Рамзес даже присел на своем ложе.

— Видимо, я очень болен, — воскликнул он, — если ты, жрец, осмеливаешься давать мне советы! Молчи и исполняй, что я тебе приказываю. Смерти моей бояться нечего: ведь жив мой тридцатилетний внук и наследник Горус и Египет не останется без фараона!

Жрецу осталось только повиноваться.

Когда дрожащею рукою жрец поднес умирающему страшное лекарство, Рамзес выпил его так, как сильно жаждущий пьет воду. Затем он позвал к себе знаменитейшего астролога из Фив и приказал ему искренно поведать, что предсказывают звезды

— Звезда Сатурн соединилась с Луной, — ответил мудрец; — это предвещает, Рамзес, смерть одного из членов твоей династии. Напрасно ты принял сегодня лекарство; оно не поможет, ибо ничтожна помощь людей в сравнении с желанием Предвечного на небесах.

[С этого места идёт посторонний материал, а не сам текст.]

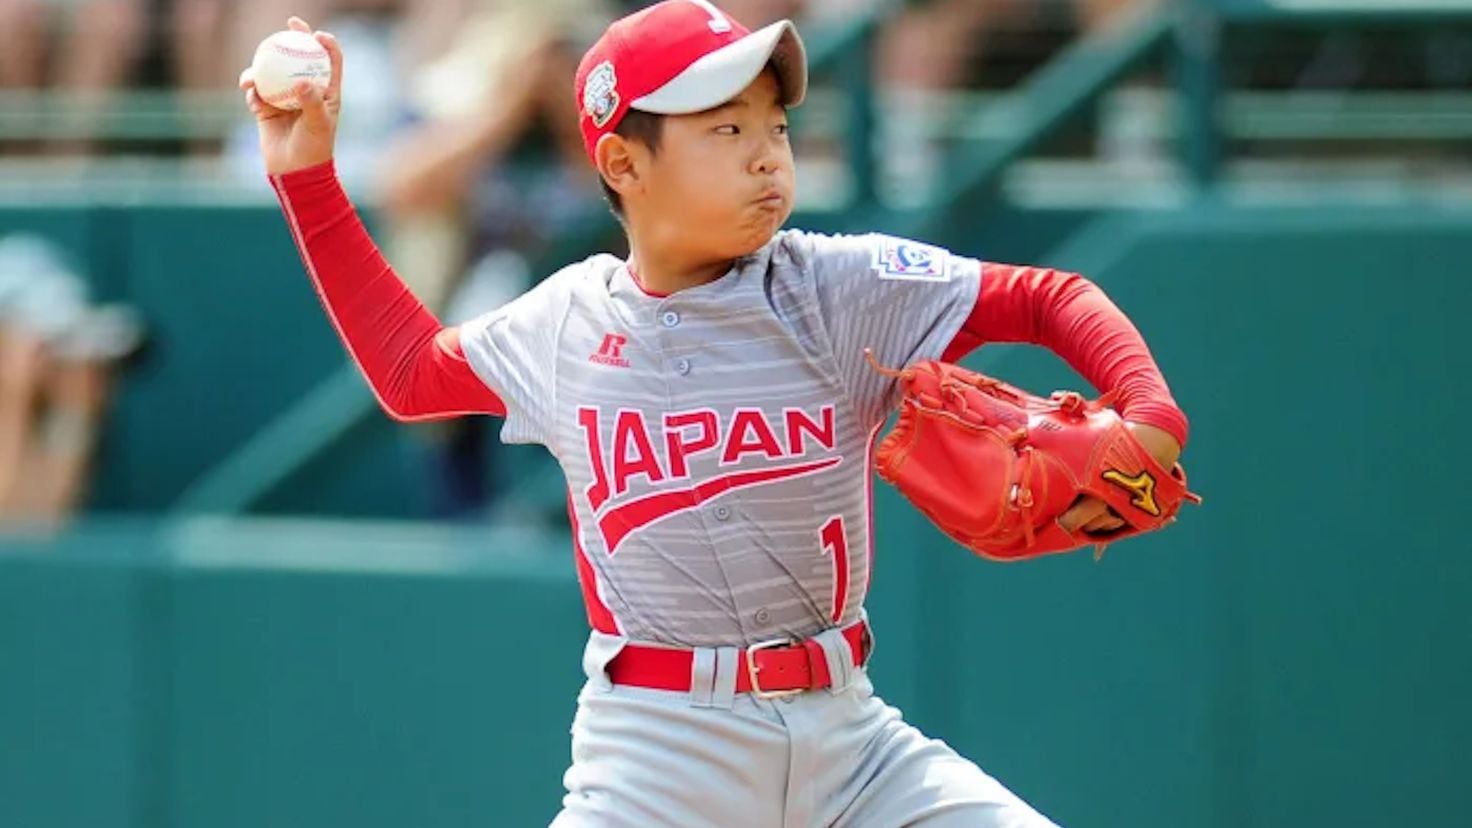 Little League World Series players who made the majors

— Понятно, что звезды предсказали мою смерть, — ответил Рамзес. — А когда же это может случиться?

— Еще до восхода солнца, Рамзес, либо будешь здоров, как носорог, либо твой святой перстень, окажется на руке твоего внука Горуса, — ответил, низко поклонившись, лекарь.

— Введите Горуса в зал фараонов, — сказал Рамзес уже угасающим голосом, — пусть он там ждет моего последнего слова и перстня, чтобы ни на минуту не было перерыва в царствовании фараонов.

Прослезился Горус при известии о близкой кончине деда. Но так как престол египетский не должен оставаться свободным ни на миг, то грустный наследник, окруженный многочисленной свитой, поспешил в зал фараонов.

Присев на крыльце, мраморные ступени которого спускались до самой реки, он стал обозревать окрестности.

Луна, вблизи которой мерцала зловещая звезда Сатурн, серебрила бронзовые воды Нила, на лугах и садах расстилались тени гигантских пирамид, и вся долина на несколько миль кругом казалась покрытой легкой мглистой фатой. Несмотря на позднее время, хижины и дворцы были освещены, а обитатели их толпились под открытым небом. Бесчисленное множество лодок, как в праздник, сновало по Нилу; пальмовые леса, берега Нила, базары и улицы у дворца Рамзеса были переполнены народом.

Но несмотря на это. стояла такая тишина, что до ушей Горуса долетал шум нильского тростника и вой гиен, ищущих добычи.

— Зачем они толпятся'? — спросил Горус одного из придворных, указывая на море людских голов.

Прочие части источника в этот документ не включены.